Abstract: : Purpose: To elucidate the role of FOXC1 phosphorylation on function. Methods: Mutations in the FOXC1 transcription factor gene result in Axenfeld–Rieger syndrome, where affected individuals present with a spectrum of anterior segment dysgeneses that result in a heightened propensity to develop glaucoma. OUrPrevious work has demonstrated an inverse correlation between FOXC1 activity and its phosphorylation state. To delineate a role for FOXC1 phosphorylation on its activity, four putative p42/44 MAP kinase phosphorylation sites (Thr68 Ser241 Ser259 and Ser272) were individually mutated to alanines and these substituted FOXC1 molecules were assayed for changes in activity. Results: Three out of four serine substitutions had a minimal effect on FOXC1 activity. However, the S272A substitution resulted in a severe reduction in FOXC1 steady–state protein levels and led to an impaired activation of a FOXC1 reporter gene. This S272A substitution led to a decrease in FOXC1 phosphorylation both in vitro and in vivo.
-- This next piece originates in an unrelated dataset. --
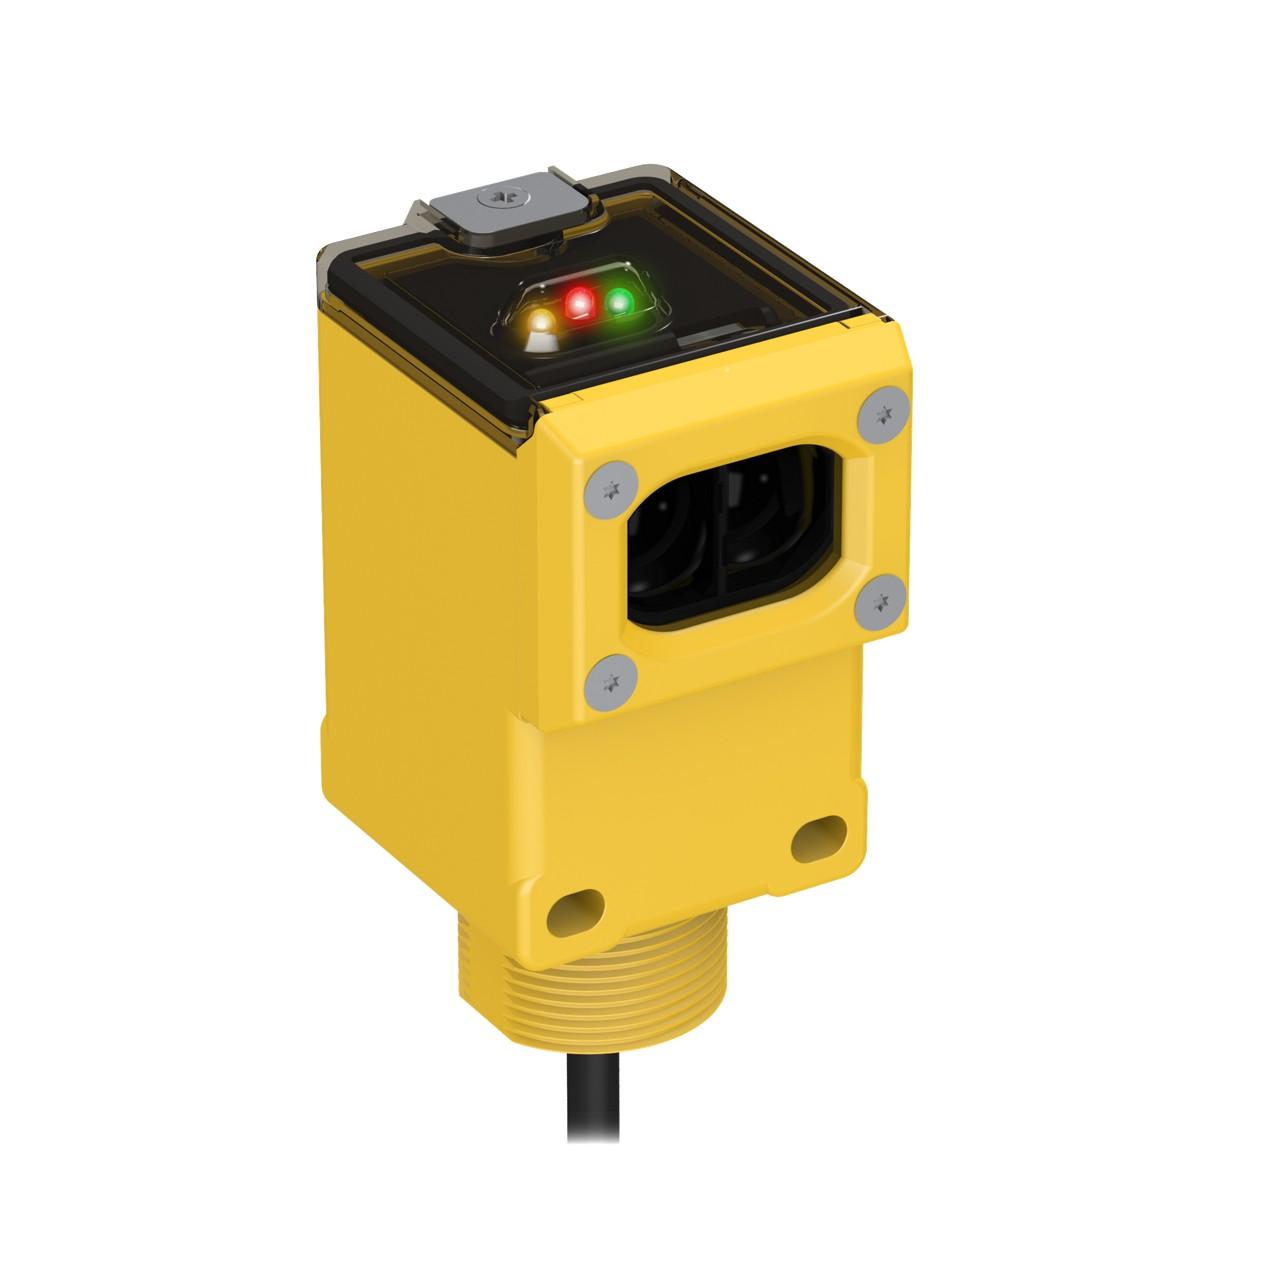 Banner Q45VR3R Photo-electric sensor receiver with through-beam system / opposed mode - Banner Engineering (Q series - Q45VR3) - Part #53982 - Sensing range 60m - Infrared (IR) light (880nm) - 1 x digital output (SPDT contact type) (Light-ON or Dark-ON operation) - Supp

The addition of the 26 proteasome inhibitor MG132 stabilized S272A levels, indicating that this FOXC1 S272A protein was degraded by the 26S proteasome pathway and furthermore suggests that phosphorylation of Ser272 was crucial for FOXC1 stability. Although the half–life of wild type FOXC1 was short lived (T1/2<60 min), the S272A substitution reduced the half–life to 30 minutes. Co–immunoprecipitation experiments indicated that FOXC1 was polyubiquitinated. To link the FOXC1 stability to specific phosphorylation events, we tested a battery of protein kinase inhibitors on the regulation of FOXC1 steady state protein levels. Treatment with the MEKK inhibitor PD98059 and the glycogen synthase 3 inhibitor LiCl greatly reduced full–length FOXC1 steady state levels. Further examination of the role of growth factors and MAP kinase signaling on FOXC1 protein levels revealed that FOXC1 stabilization may be regulated by cell cycle progression. Conclusions: These results indicate that FOXC1 protein levels are tightly regulated by post–translational modifications. Since genetic alterations in FOXC1 levels are pathogenic, these physiological mechanisms that modulate FOXC1 protein levels may be fundamental in glaucoma disease progression.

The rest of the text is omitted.